Отметим, впрочем, что Максим не брал на себя вынесение последнего решения по вопросу об икономии (домостроительном снисхождении) при присоединении к Церкви еретиков, относя их к компетенции папы Римского, как единственного в данном случае православного первоиерарха. Так, когда епископ Феодосий спросил Максима, может ли быть отменена анафема на умерших епископов — еретиков, если нынешние власти Константинополя исповедуют во Христе две воли и два действия, тот ответил: «Идите, разузнайте, было ли когда что- либо такое, и разрешался ли кто по смерти от обвинения
До тех же пор, пока папа Римский не решит вопрос о разрешении от анафемы умерших без покаяния еретиков (при условии, разумеется, что император и патриарх исповедают истинную веру), Максим отказывается вступать в общение с теми, кем «подверженные анафеме лица упоминаются за святым возношением» из страха «осуждения анафемы» (Там же)[1939]. Очевидно, Максим имеет в виду то, что причащающийся там, где возносится имя анафематствованного еретика, сам подпадает по ту же анафему (т. е. отлучается от Церкви)[1940].

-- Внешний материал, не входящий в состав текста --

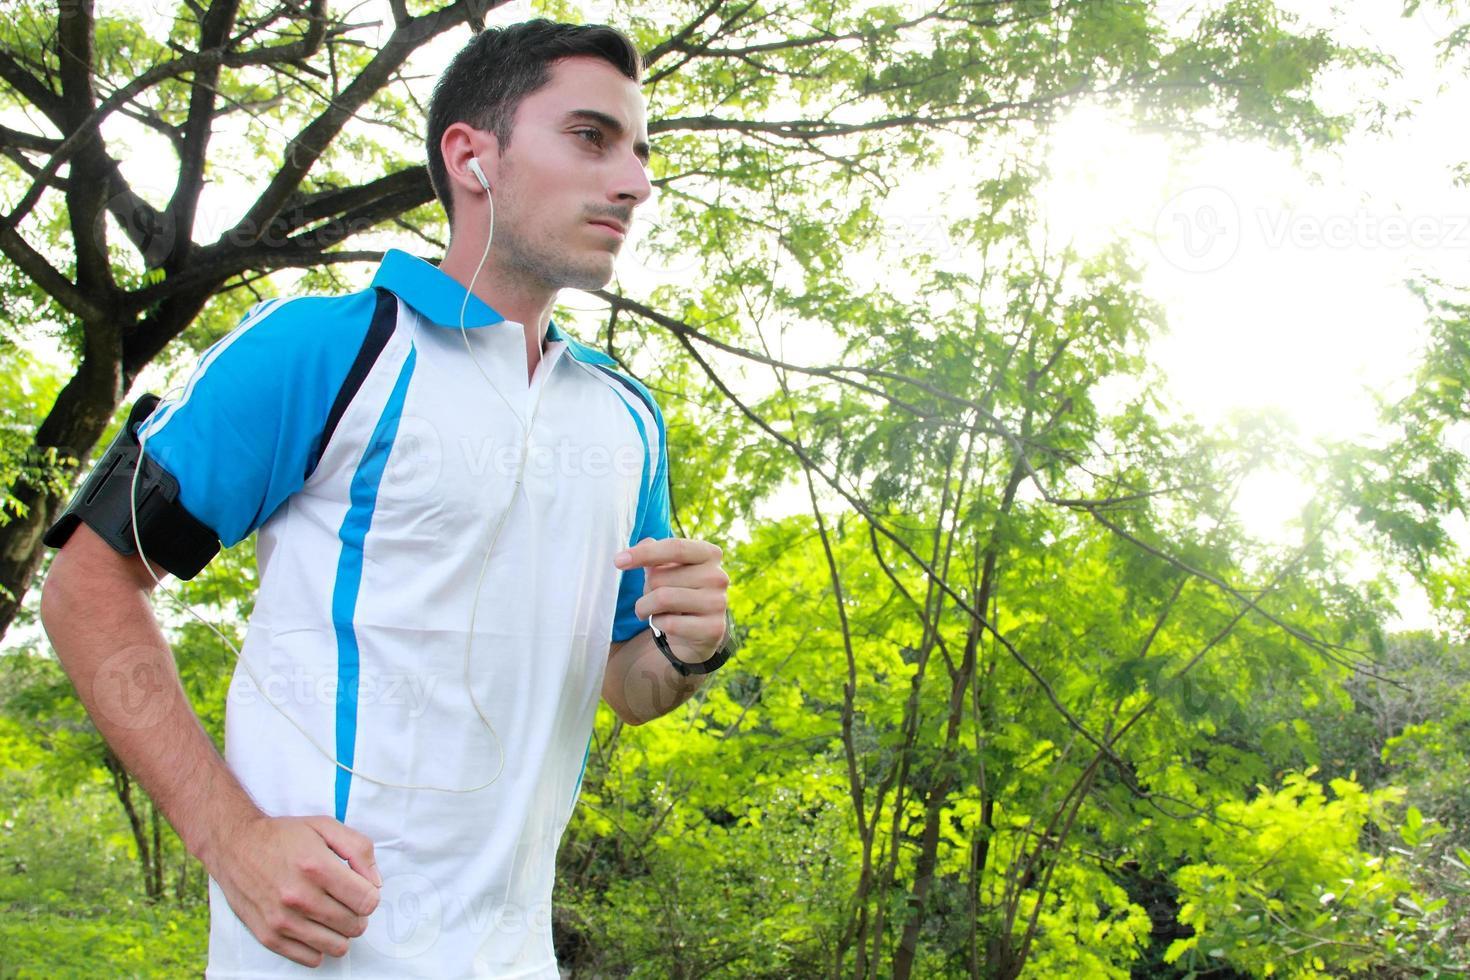 sportivo in forma giovane jogging durante l'ascolto di musica foto

Может возникнуть вопрос: из-за чего же при том, что епископ Феодосий (говоривший от имени властей Константинополя) готов был отказаться от Типоса и исповедовать диофелитство, он не мог признать анафему на первоиерархов — еретиков? Вероятно, не столько из- за того, что ему была дорога память о Сергии, Пирре, Кире и Павле, сколько из-за того, что такая анафема ставила бы под вопрос действительность совершенных ими епископских хиротоний, и больше того, позволяла бы сказать: все те, кто возносил столь долго имена еретиков, в Церкви уже не состояли. Именно так, очевидно, оно и были с точки зрения Максима, который отрицал таинства тогдашней Константинопольской Церкви [1941]. И это, конечно, труднее всего было признать Константинопольским властям. Они готовы были (по крайней мере, в тот момент) на любые уступки, кроме одной: признать себя не — Церковью.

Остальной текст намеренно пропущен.